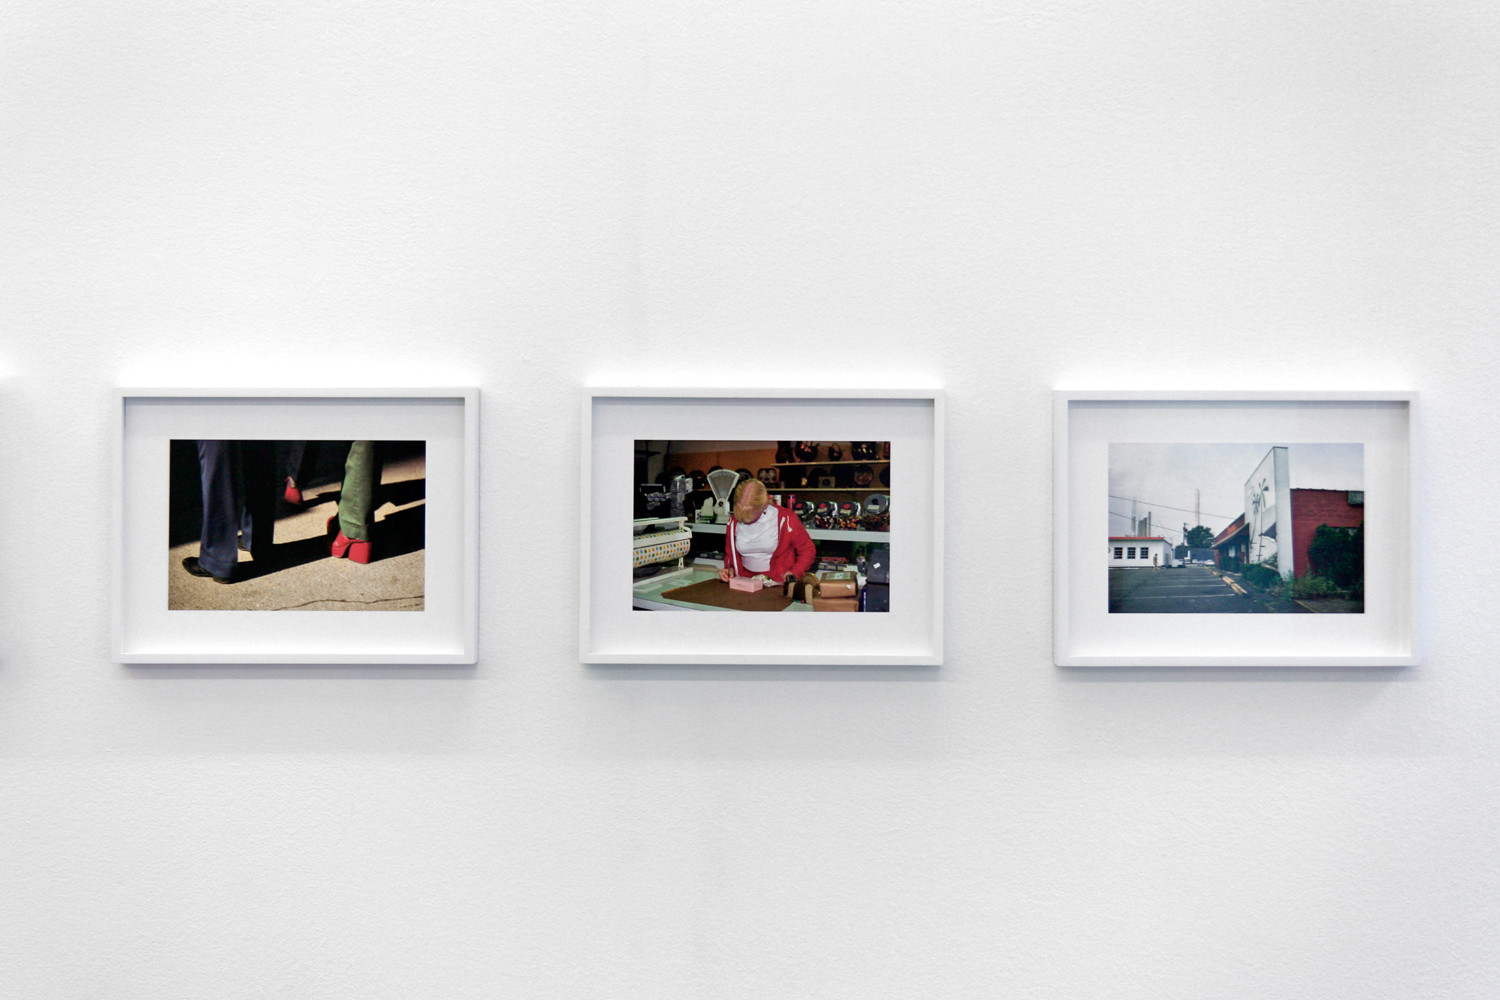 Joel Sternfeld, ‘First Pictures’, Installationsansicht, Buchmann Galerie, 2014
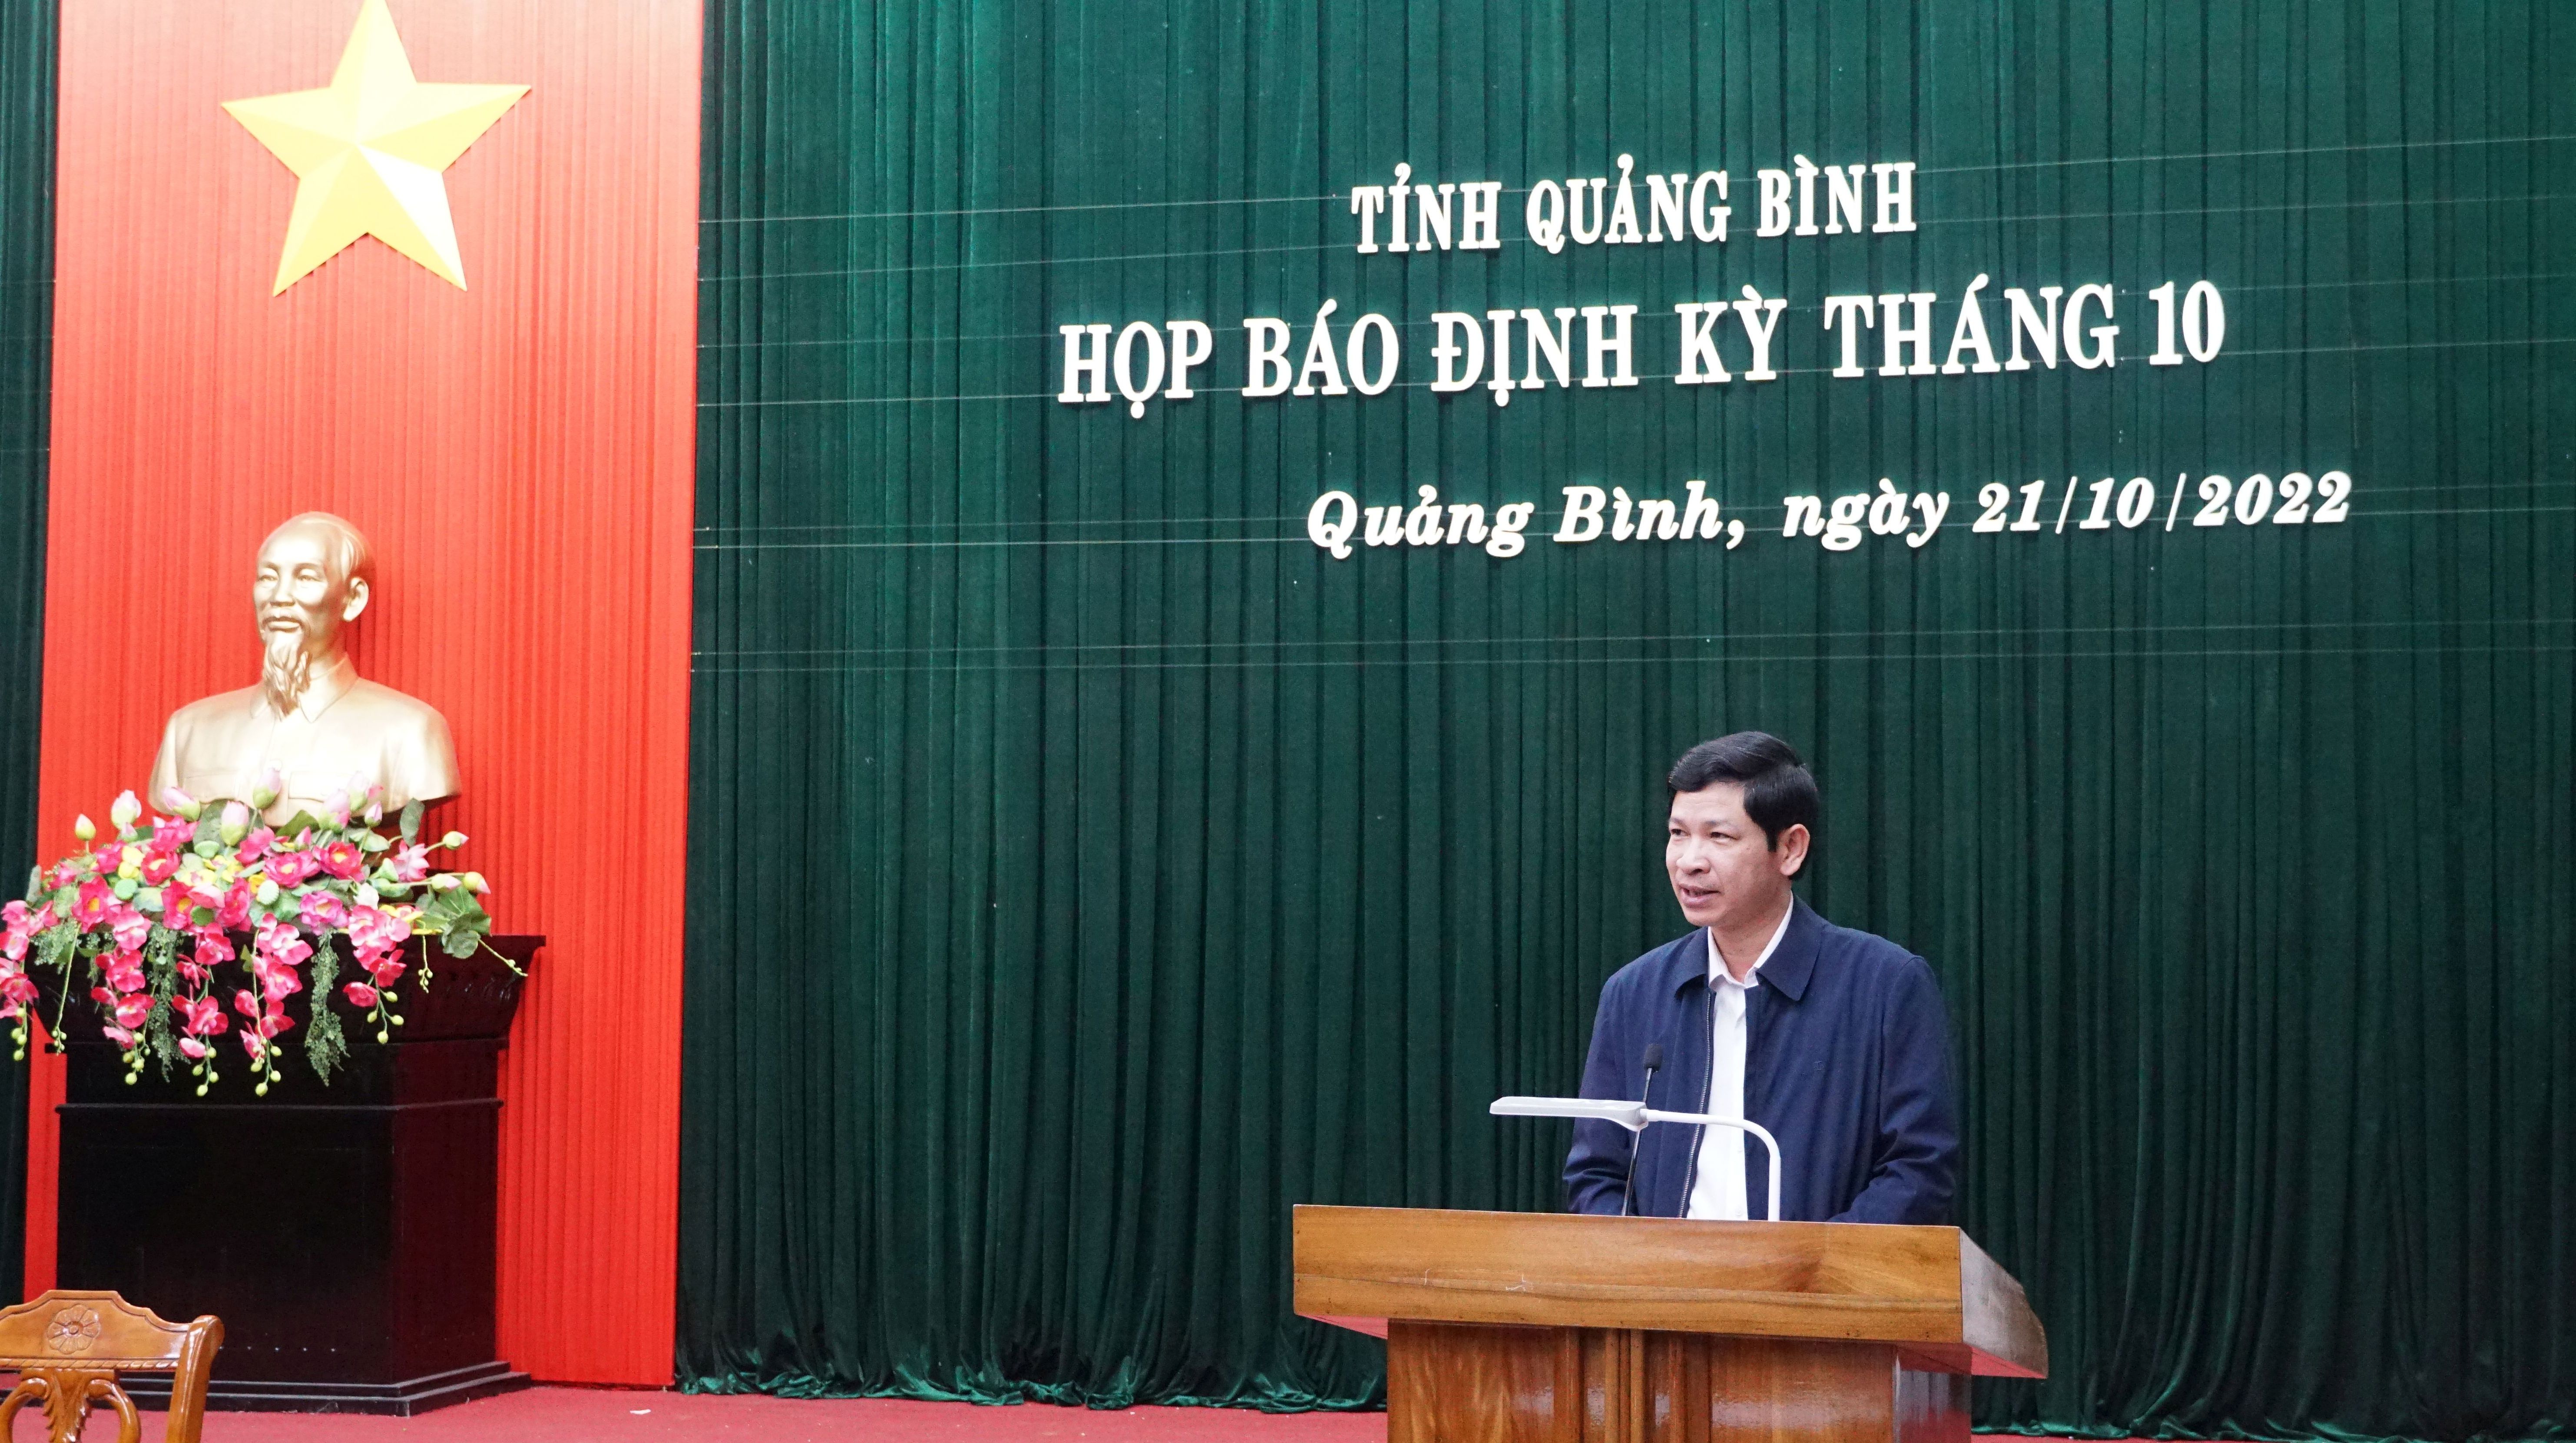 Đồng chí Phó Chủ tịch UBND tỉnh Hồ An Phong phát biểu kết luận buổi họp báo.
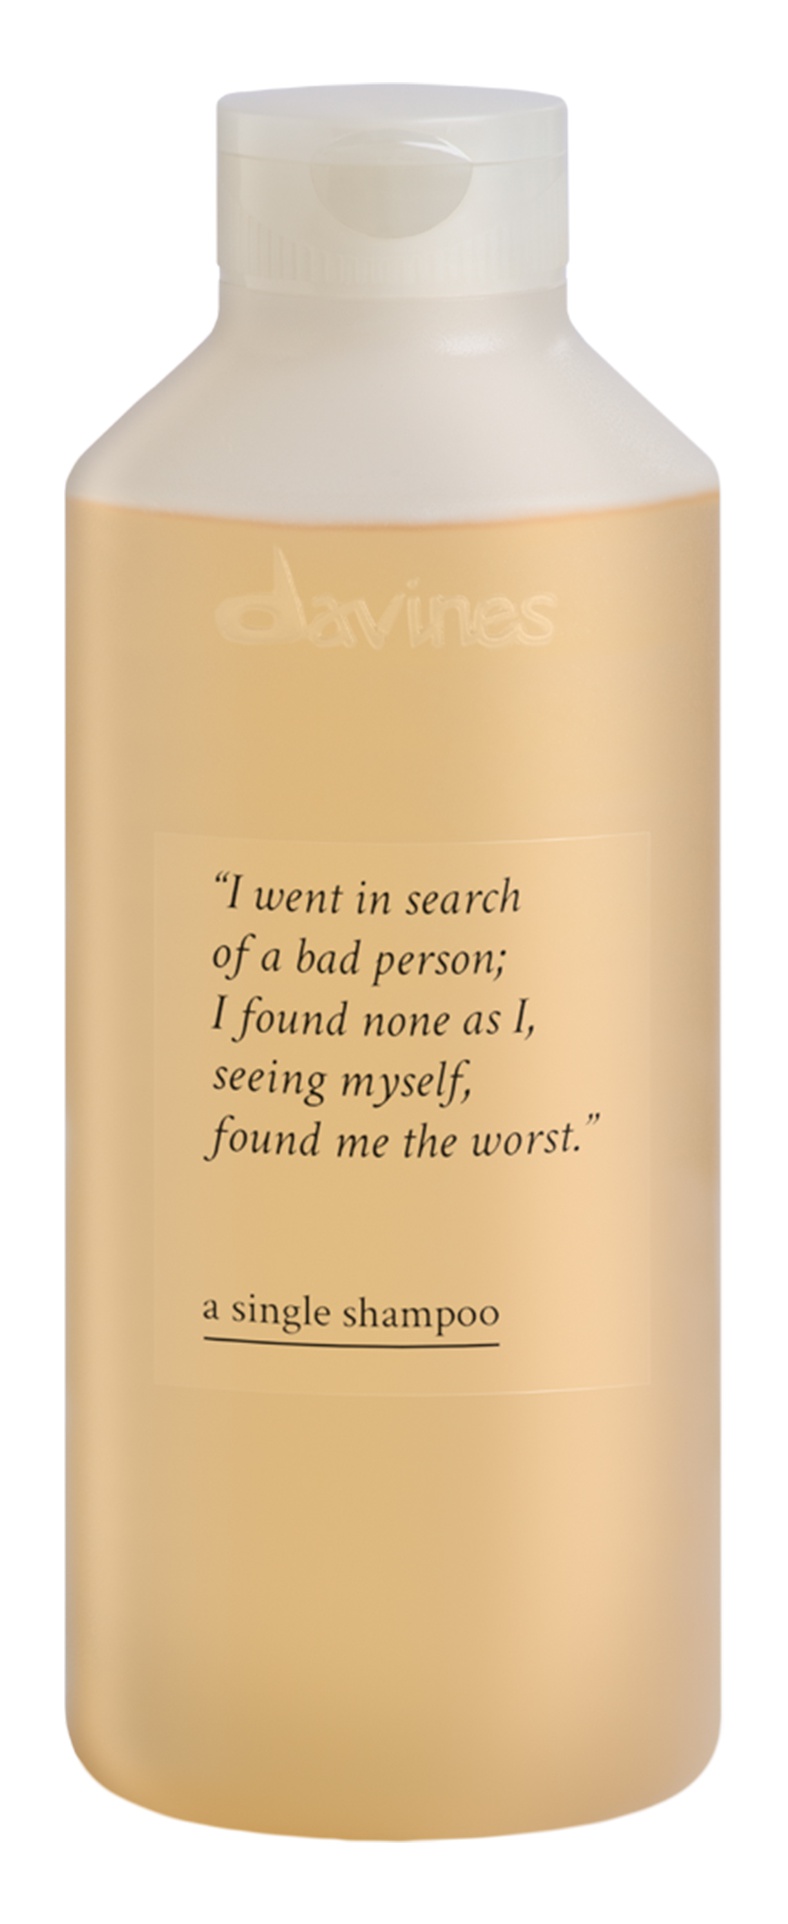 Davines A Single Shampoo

- WHAT YOU NEED TO DO: Print the listing verbatim, images excluded.

- ANSWER BOX:
 Joel Sternfeld, ‘First Pictures’, Installationsansicht, Buchmann Galerie, 2014
 Đồng chí Phó Chủ tịch UBND tỉnh Hồ An Phong phát biểu kết luận buổi họp báo.
 Davines A Single Shampoo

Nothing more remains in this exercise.